### EXERCISE AIM
Using the listing below, please print exactly the lines from the one with "Bistro-garden-craftsmen commercial 3" through the one with "New Sky Striker Concept Art By Robert Atkins". Leave out every picture.

═══ RECORDS SHOWN

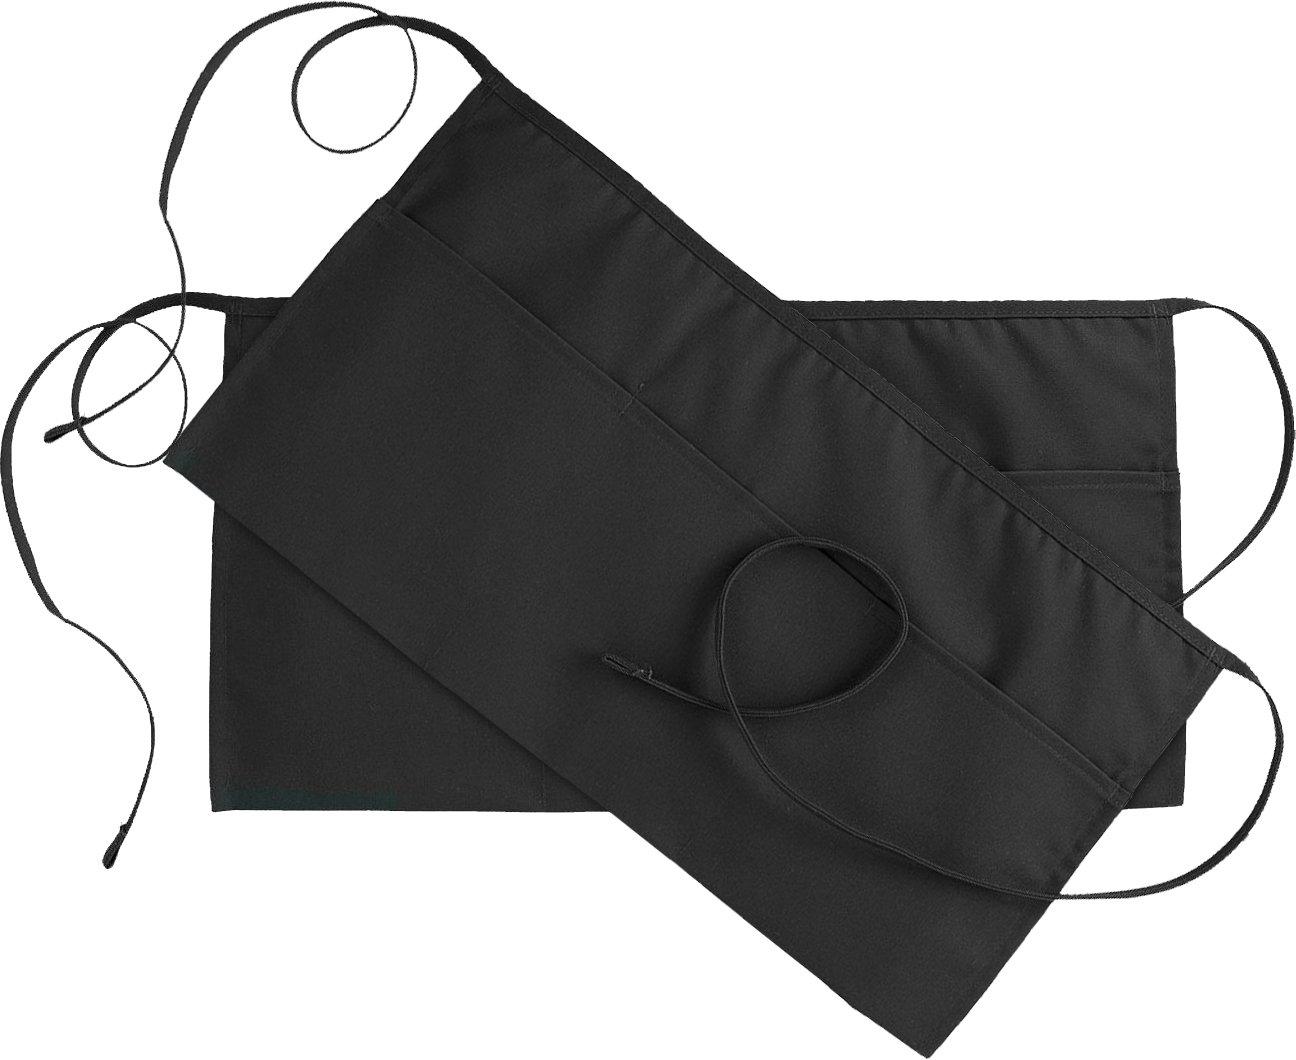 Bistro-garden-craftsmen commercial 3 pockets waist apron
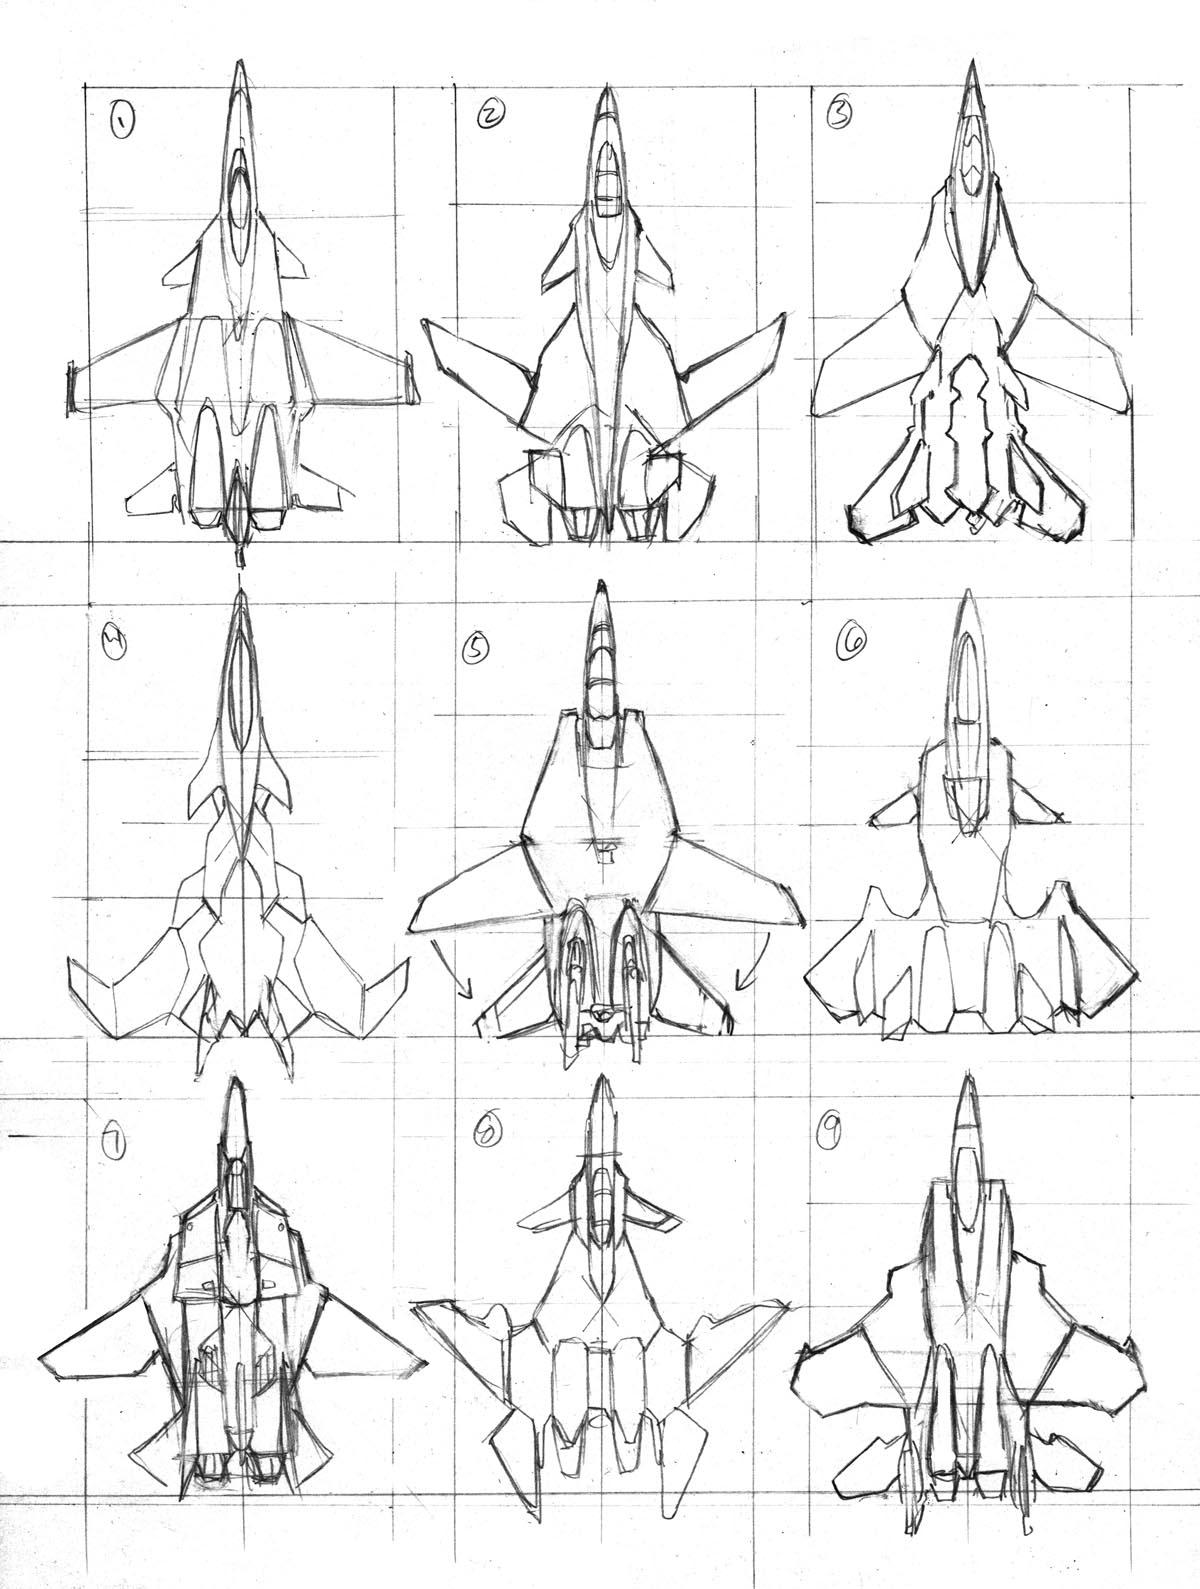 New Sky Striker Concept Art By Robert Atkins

══════
═══ RECORDS SHOWN

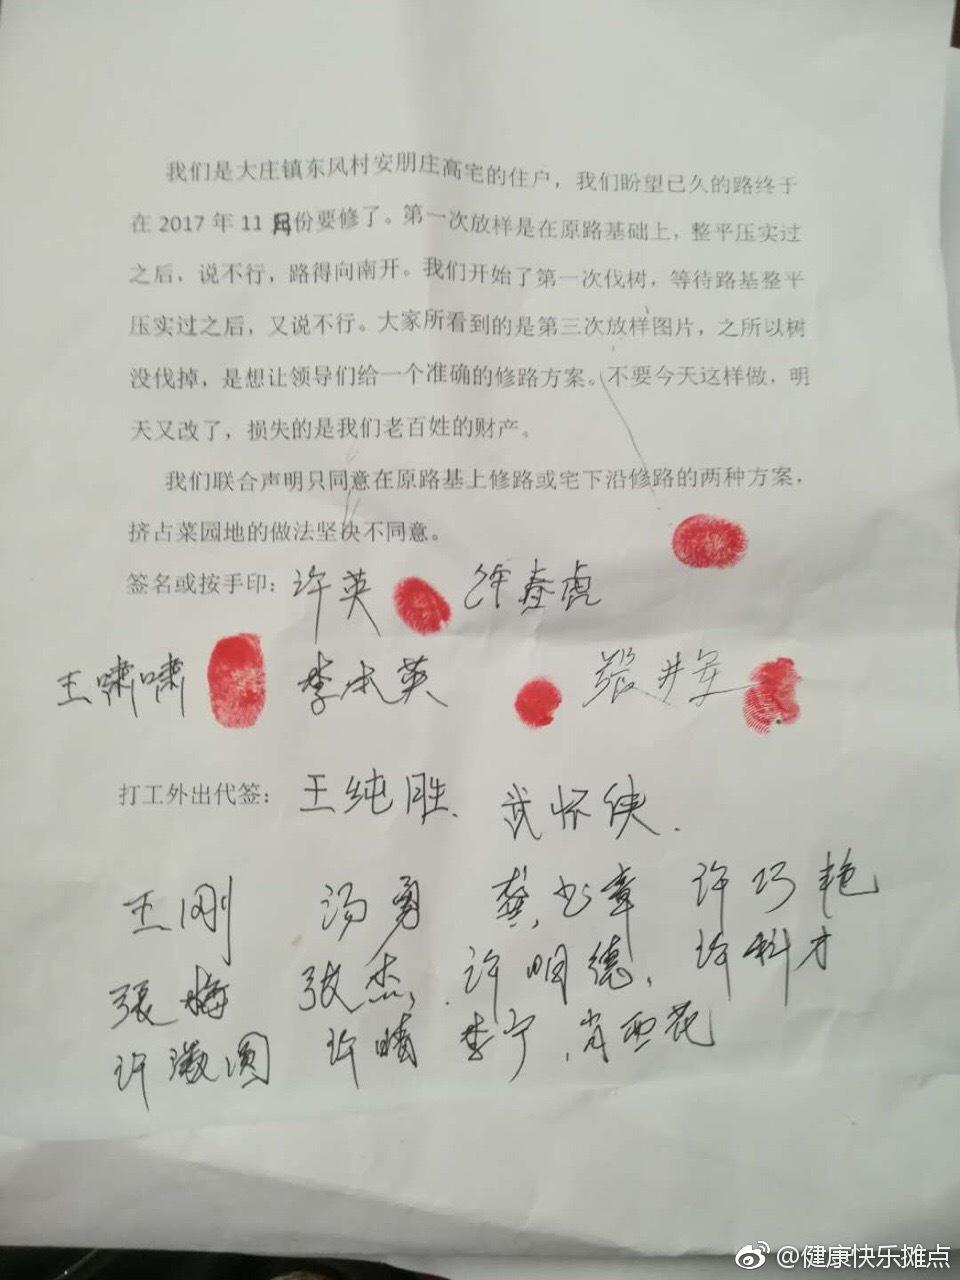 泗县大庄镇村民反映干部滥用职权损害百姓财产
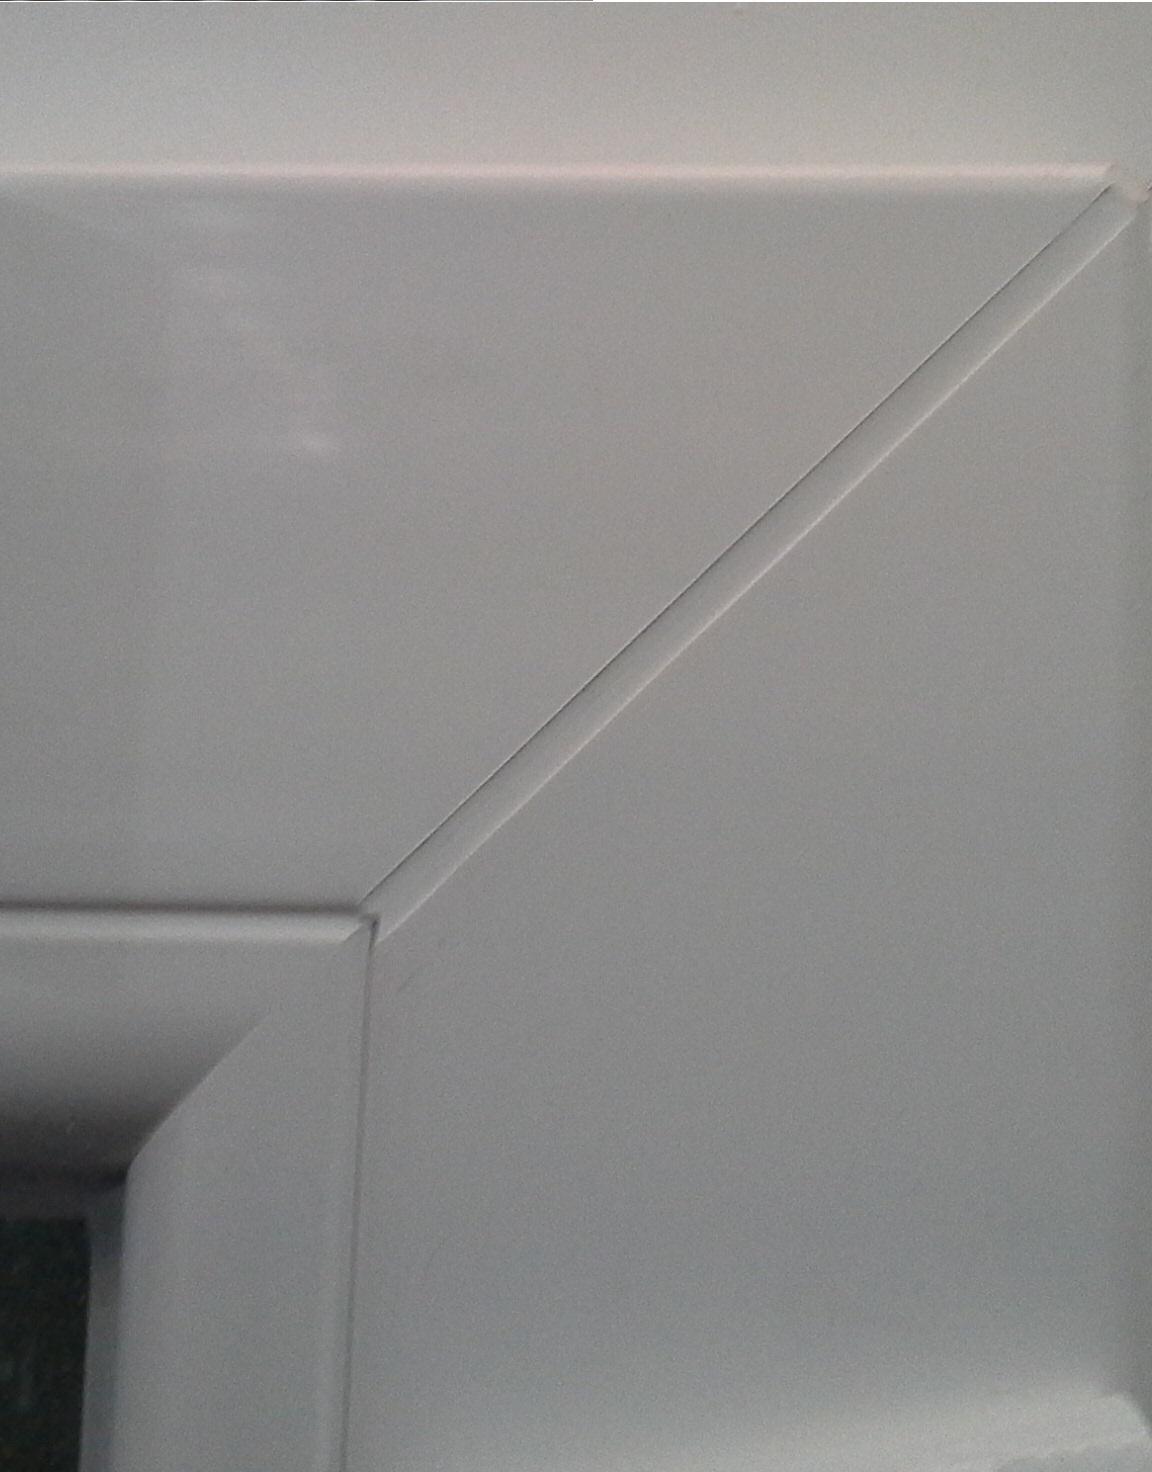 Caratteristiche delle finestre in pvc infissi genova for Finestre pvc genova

══════
═══ RECORDS SHOWN

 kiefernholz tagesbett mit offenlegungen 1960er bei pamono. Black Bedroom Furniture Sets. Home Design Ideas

══════

### RESPONSE
 Bistro-garden-craftsmen commercial 3 pockets waist apron
 New Sky Striker Concept Art By Robert Atkins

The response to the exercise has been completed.